**Problem**
Return the listing below exactly, with the pictures dropped.

(Provided material Opens)

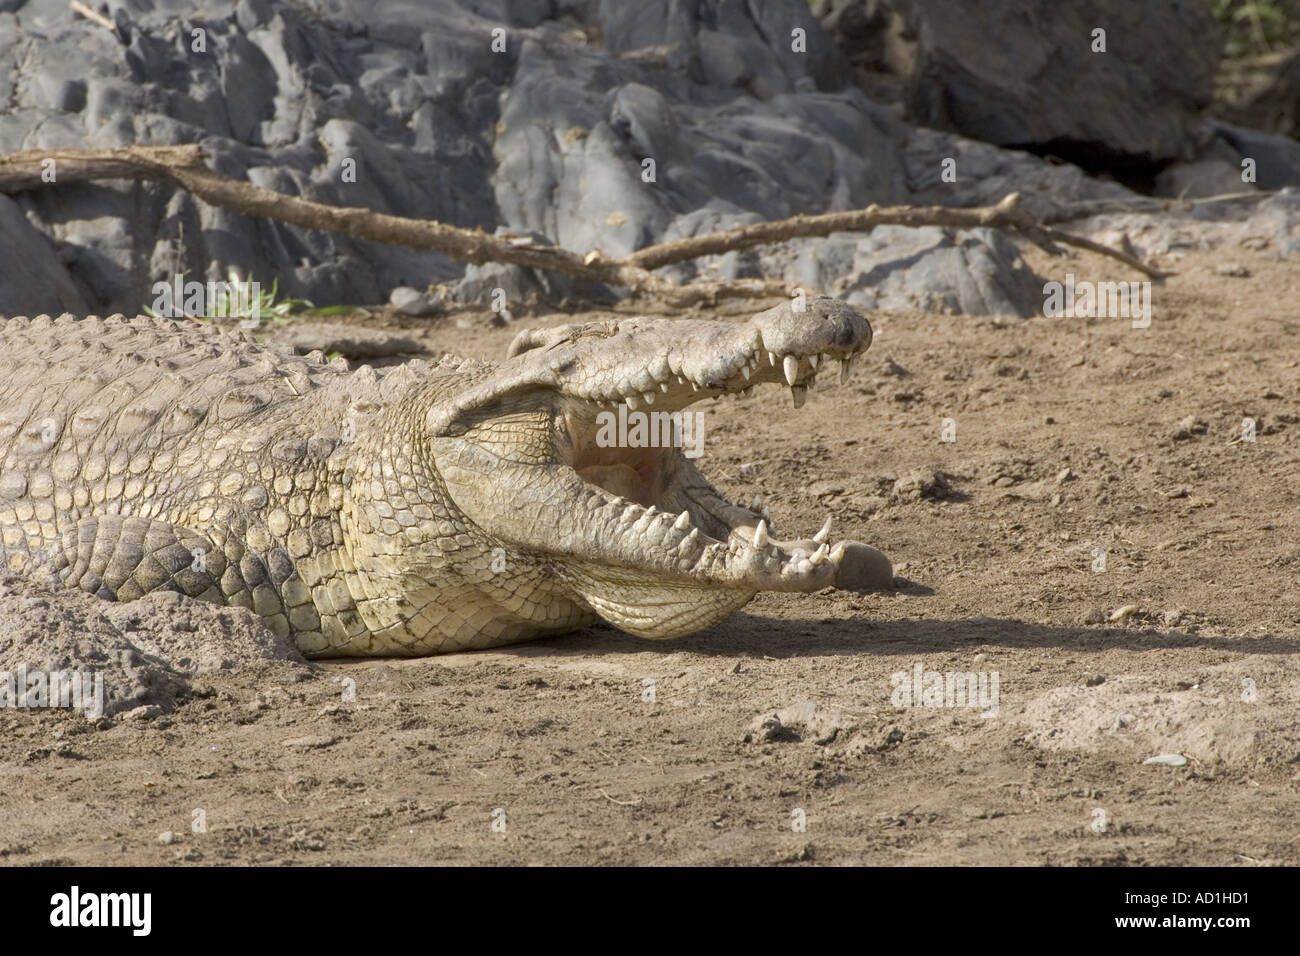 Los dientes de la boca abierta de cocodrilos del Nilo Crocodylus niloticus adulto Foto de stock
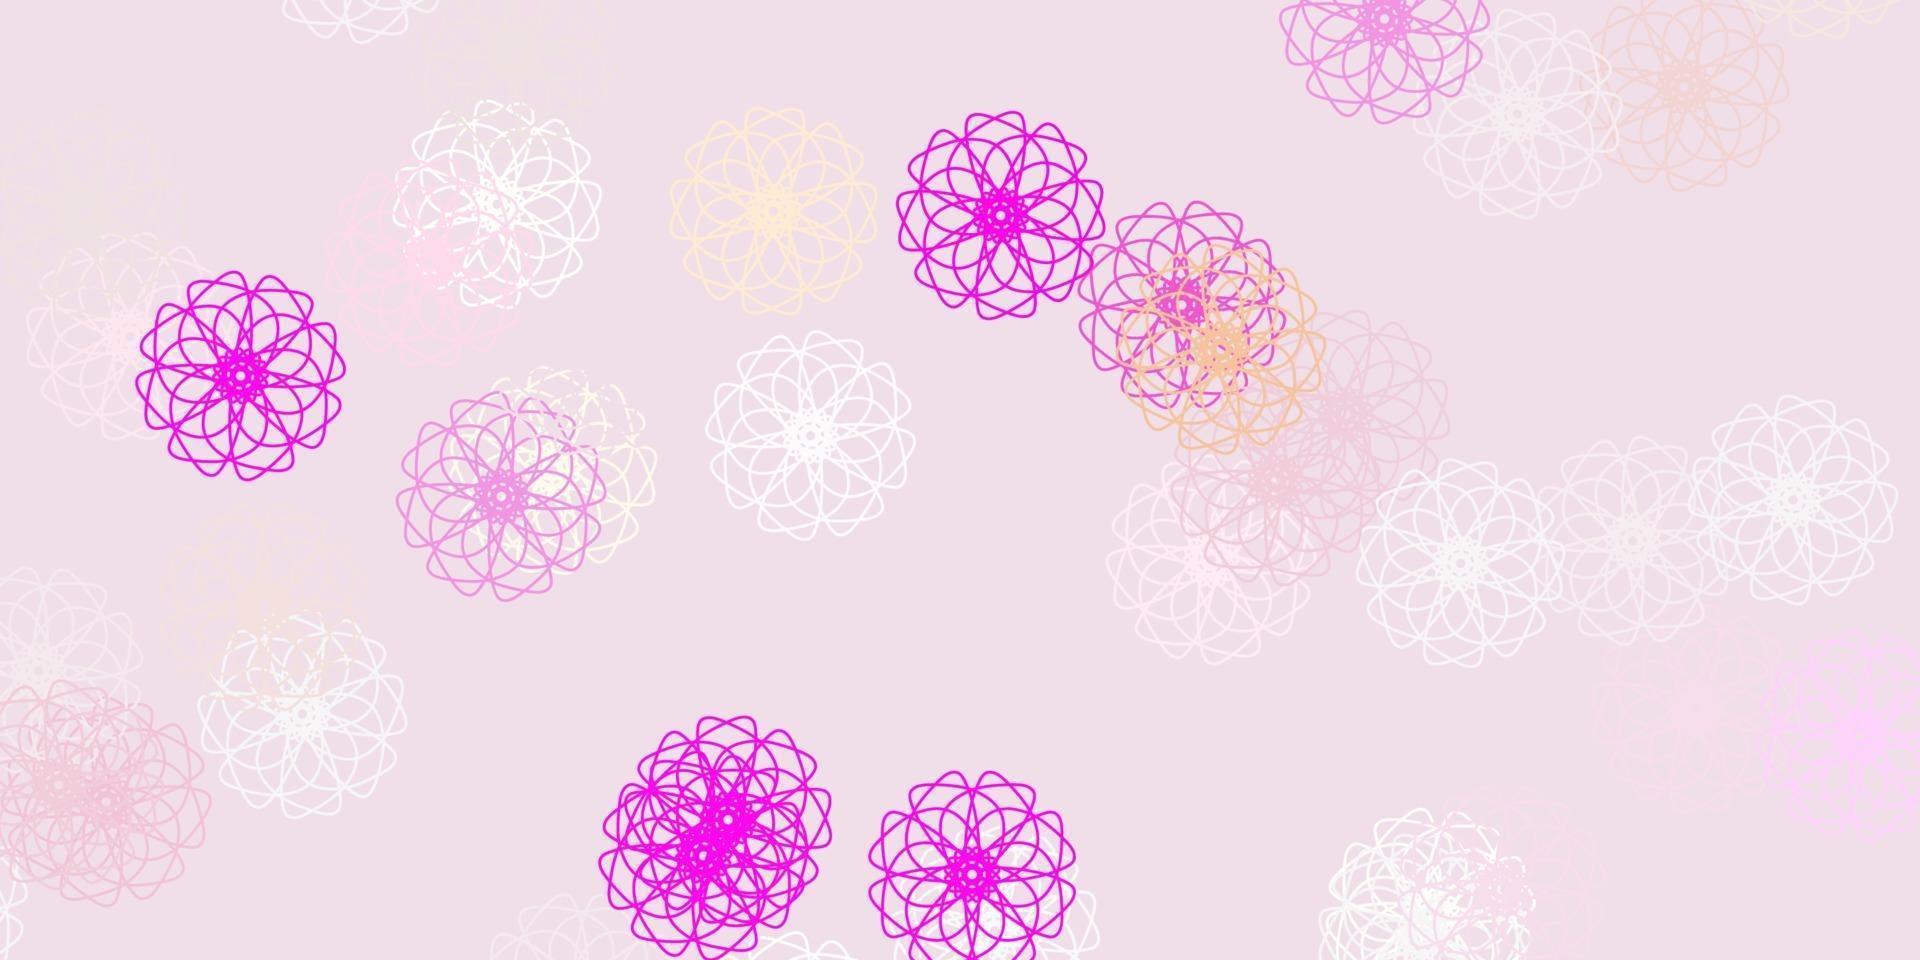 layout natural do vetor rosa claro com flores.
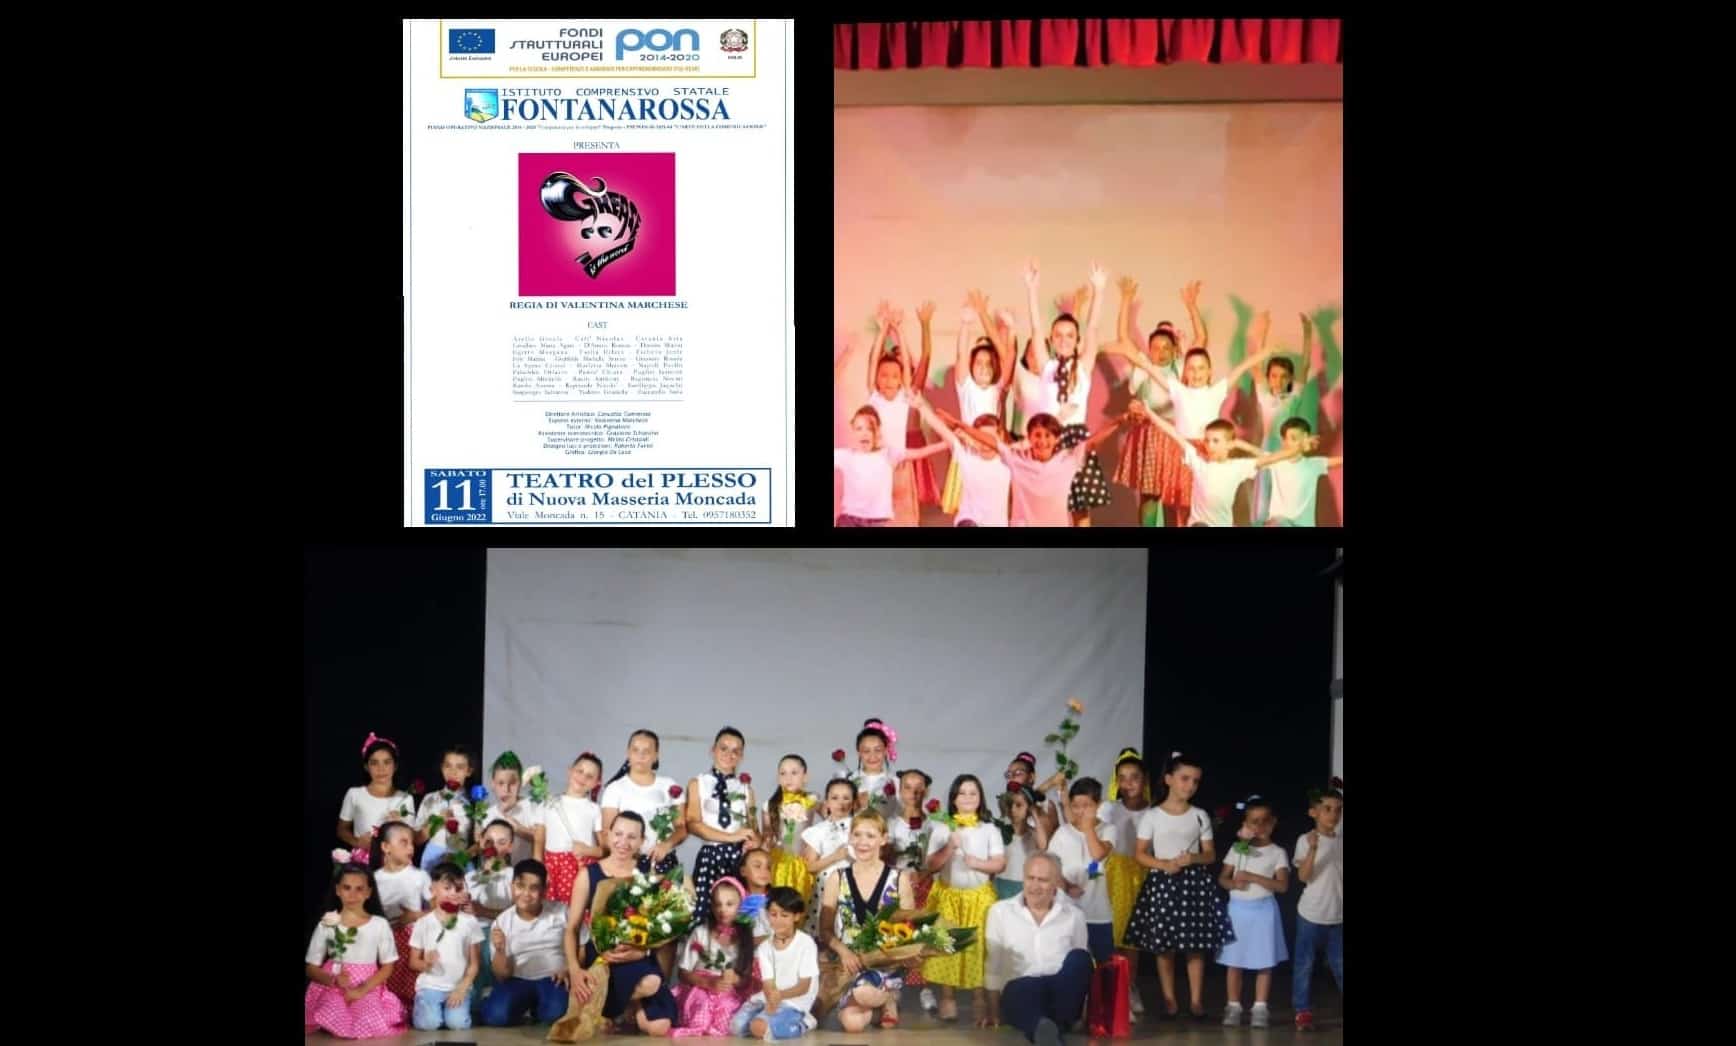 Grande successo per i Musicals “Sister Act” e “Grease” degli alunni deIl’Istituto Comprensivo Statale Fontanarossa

(Provided material Closes)

**Result for this task**
 Los dientes de la boca abierta de cocodrilos del Nilo Crocodylus niloticus adulto Foto de stock
 layout natural do vetor rosa claro com flores.
 Grande successo per i Musicals “Sister Act” e “Grease” degli alunni deIl’Istituto Comprensivo Statale Fontanarossa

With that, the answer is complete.